27 June 2011
Coming Out not always beneficial
by George Atkinson
The psychological benefits of coming out as lesbian, gay, or bisexual can be substantial for some, but non-existent for those in an unsupportive environment, suggests a new study appearing in the journal Social Psychology and Personality Science.
"In general, research shows that coming out is a good thing," says study co-author Richard Ryan, at the University of Rochester. "Openness allows gay people to develop an authentic sense of themselves and to cultivate a positive minority sexual identity. By contrast, being closeted poses serious psychological risks, including more troubled romantic relationships, more distress, and even increased suicidal tendencies."
But the new study shows that environment plays a huge role in determining if coming out actually makes a person happier.

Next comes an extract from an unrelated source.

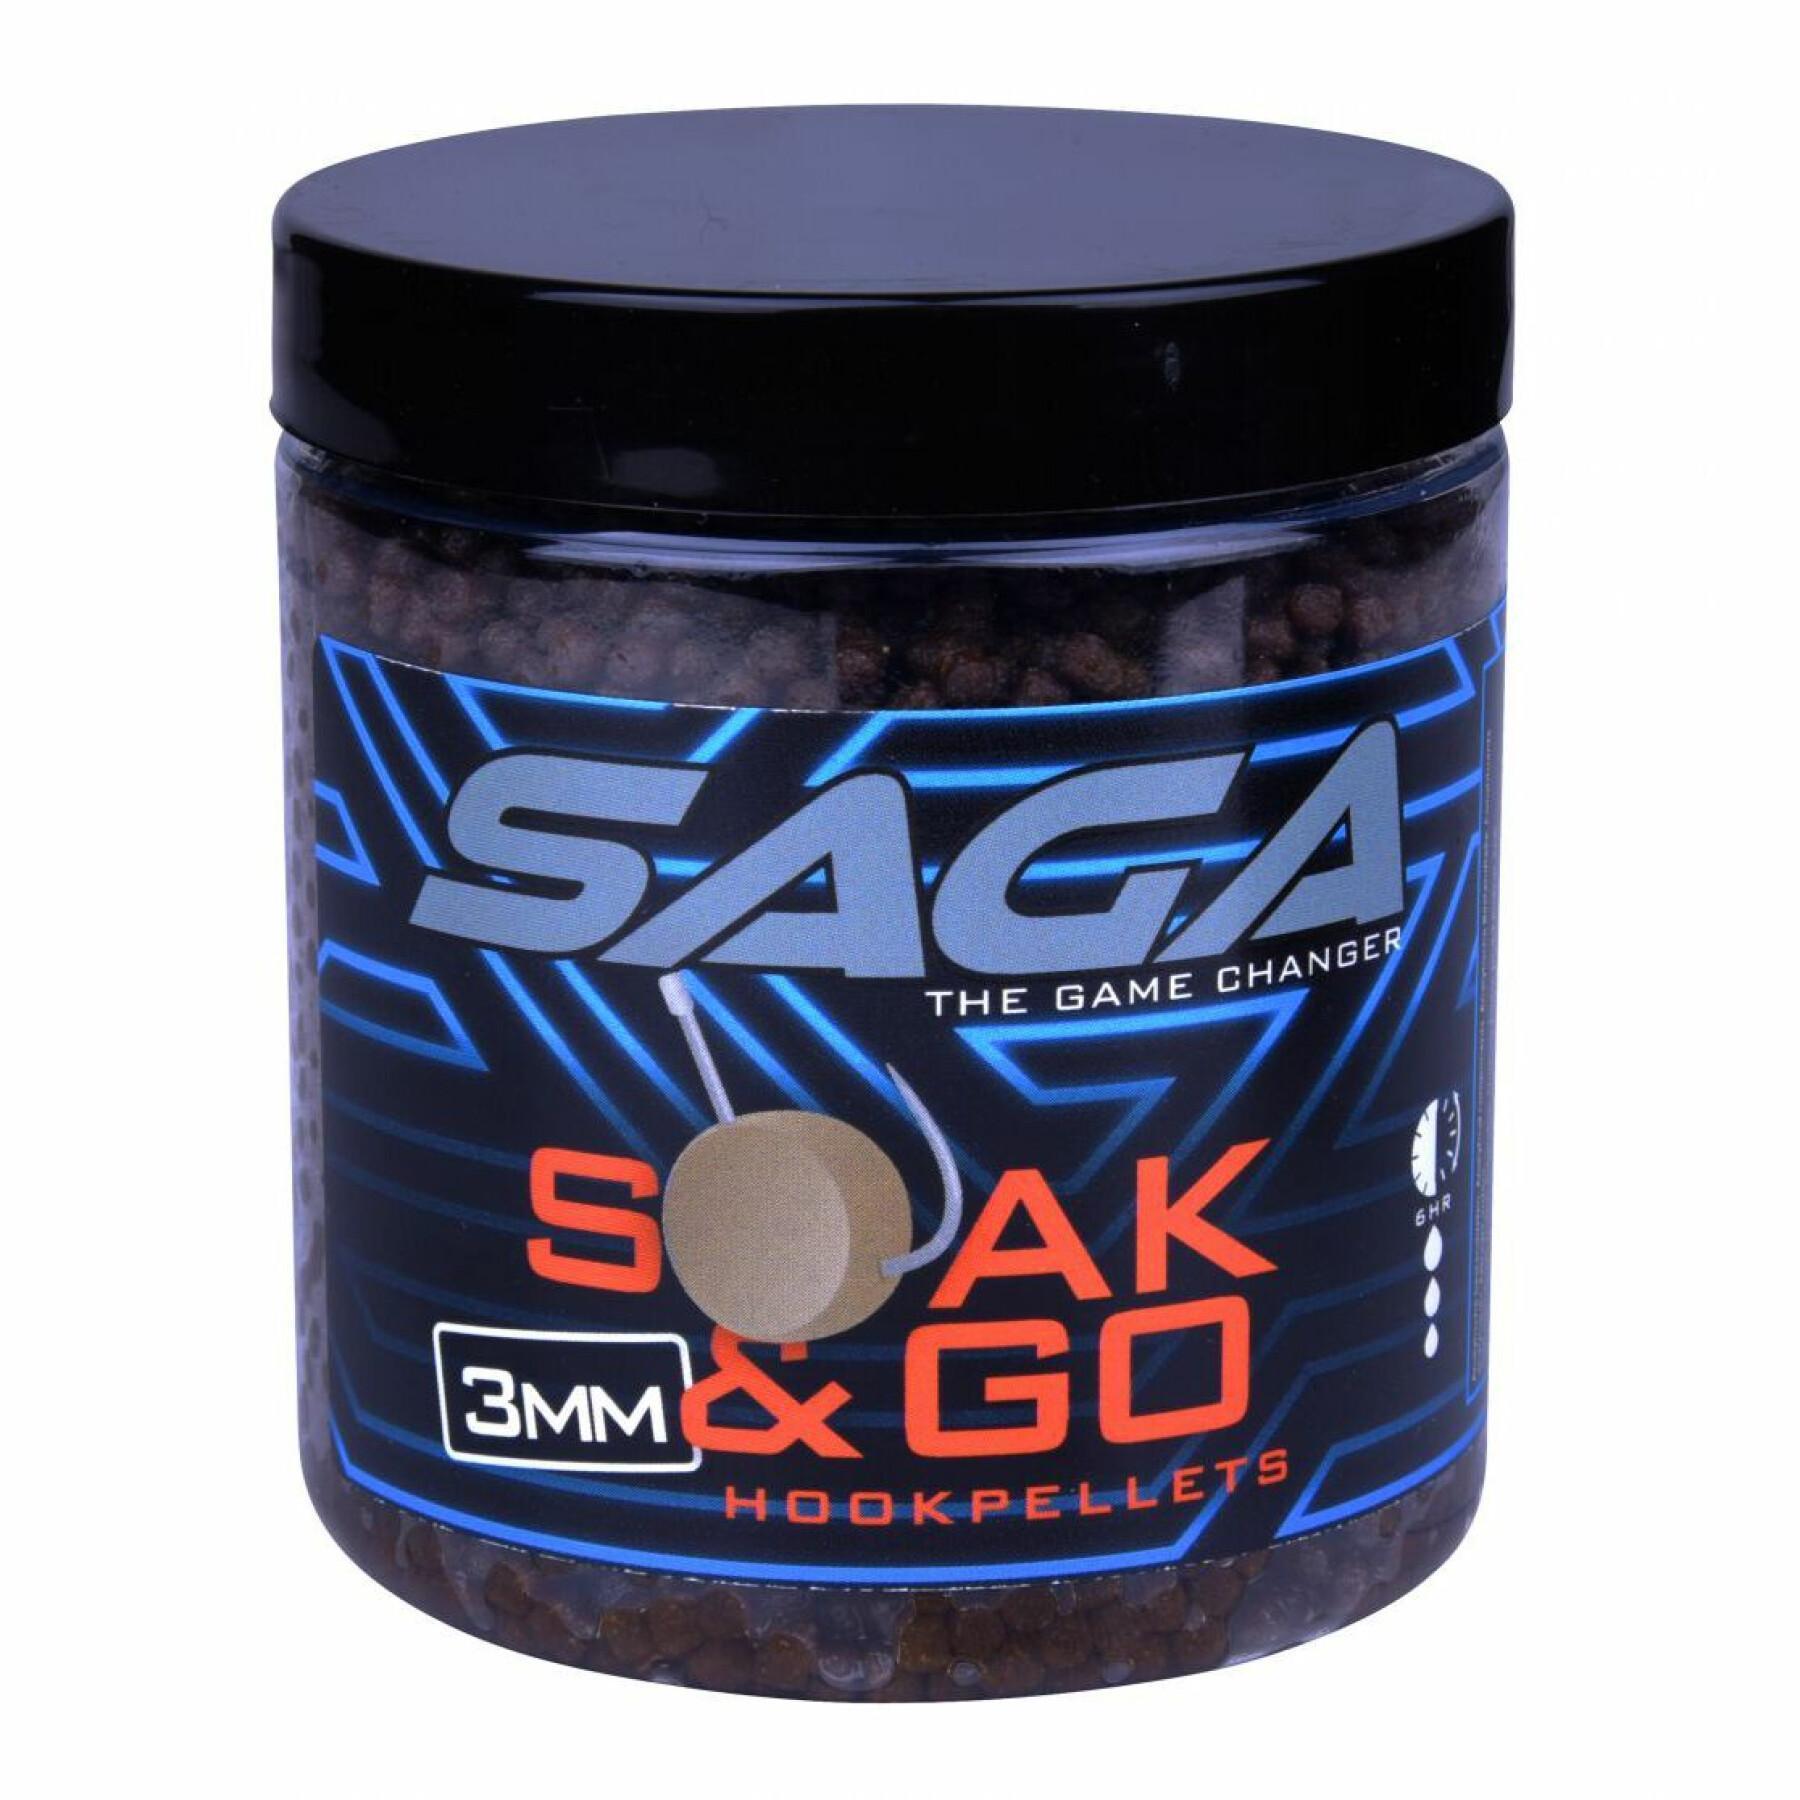 Secado de pellets Saga soak & go 250ml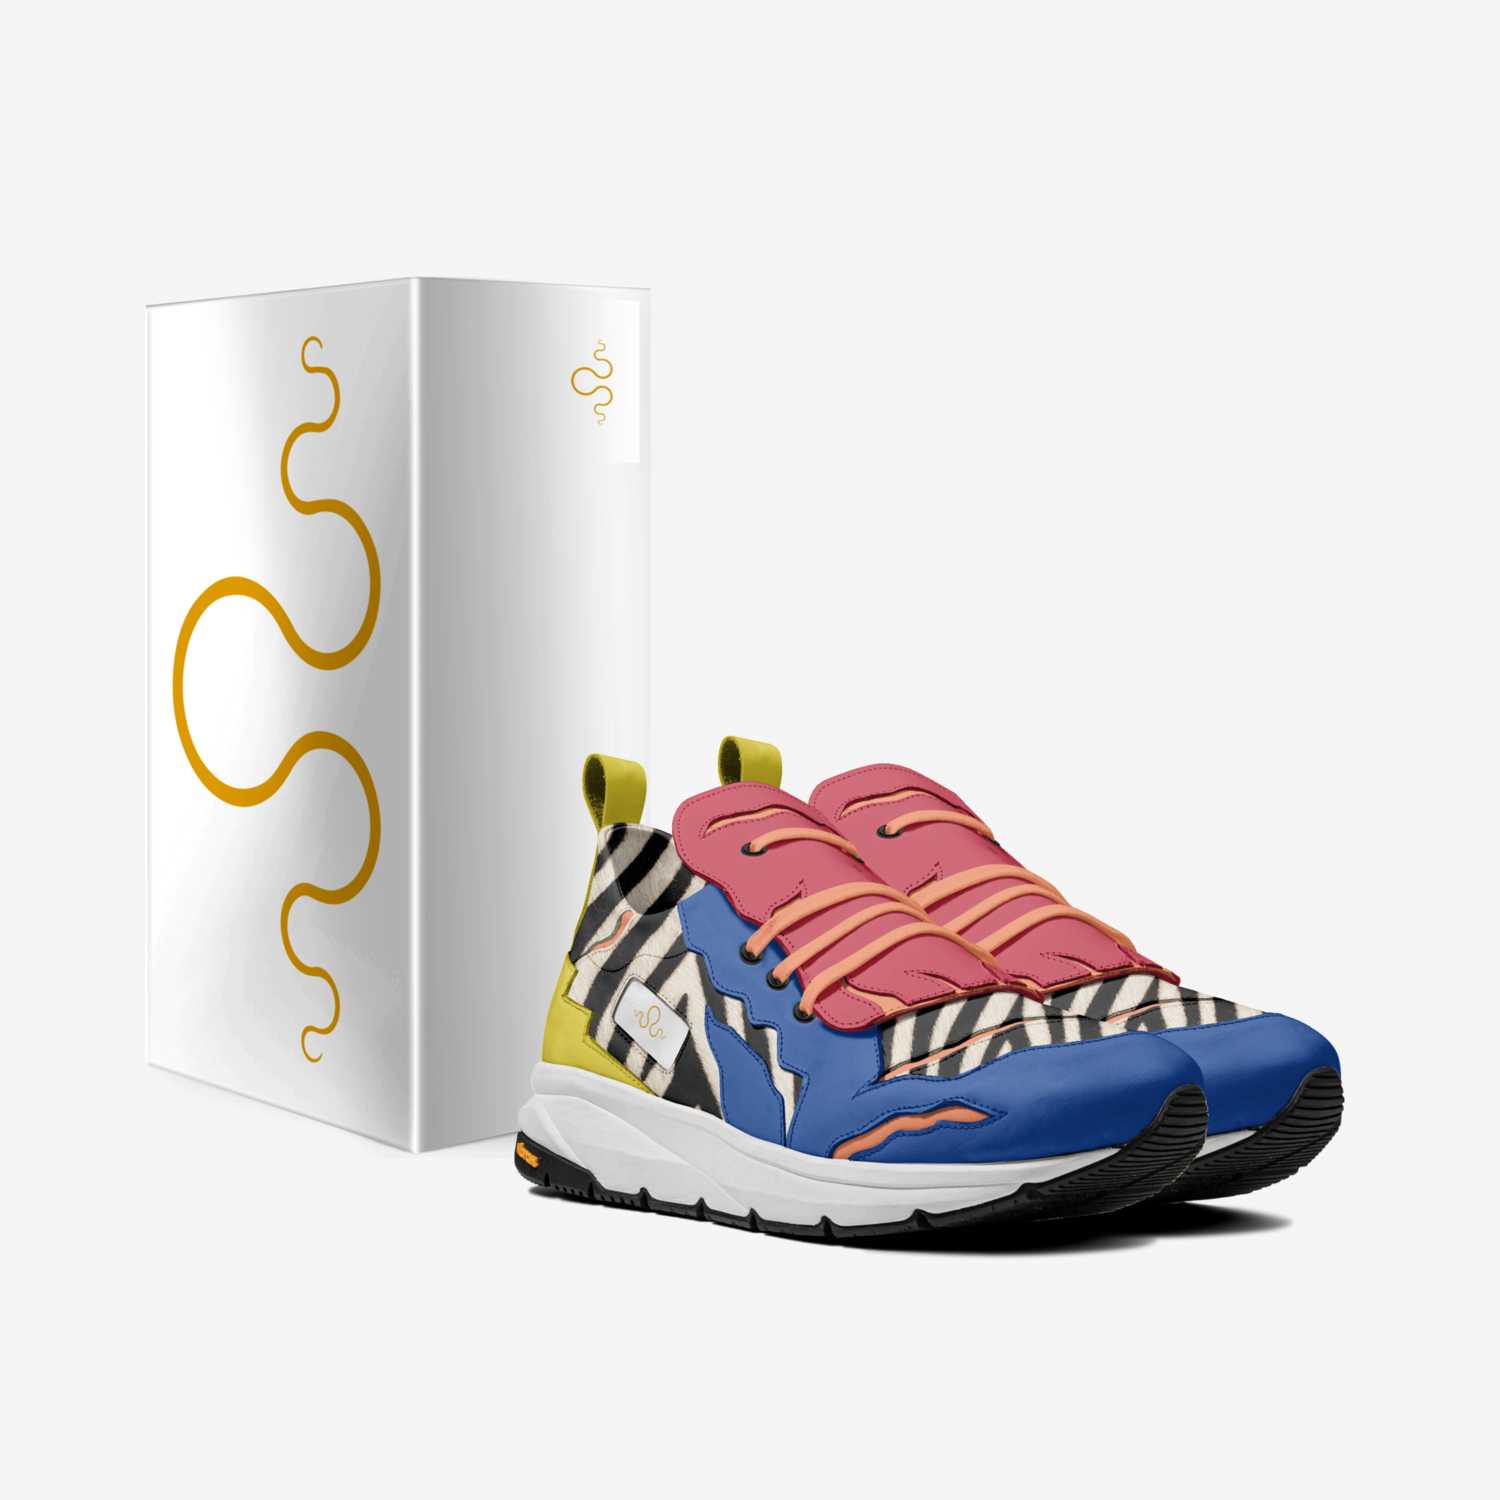 Kraken 3 custom made in Italy shoes by Carlos Segarra | Box view

Among accepting groups, individuals experience significant psychological payback from being open about their sexual identity. But among hostile groups, the costs and stigma of identifying as lesbian, gay, or bisexual cancel out these benefits. "Those who come out may actually feel no better than those who conceal," said study leader Nicole Legate, also from Rochester University.
For the study, the researchers asked lesbian, gay, and bisexual individuals detailed questions about their experiences with five groups: friends, family, coworkers, school peers, and religious community. The anonymous participants were recruited from discussion boards as well as community and social networking web sites. For each of the five contexts, participants indicated their level of outness, their sense of well-being, and their perceptions of acceptance or autonomy support.
The researchers found the participants were more closeted in environments they rated as controlling and judgmental. They kept their sexual orientation hidden the most in their religious communities (69 percent), schools (50 percent), and at work (45 percent) and were somewhat more open with their families (36 percent). Friends by far represented the most accepting group for most lesbian, gay, and bisexual individuals. All but 13 percent of participants had come out to their friends.
Interestingly, age made no difference in who comes out. Nor did gender or sexual orientation. Instead, the key determinant for revealing a minority sexual orientation was the supportiveness of the environment. "The vast majority of gay people are not out in every setting," says Ryan. "People are reading their environment and determining whether it is safe or not."
Other results from the study suggested that gay men experienced lower well-being across measures, while lesbians enjoyed the most autonomy support. Lesbians were the most out of the three groups, bisexuals the least.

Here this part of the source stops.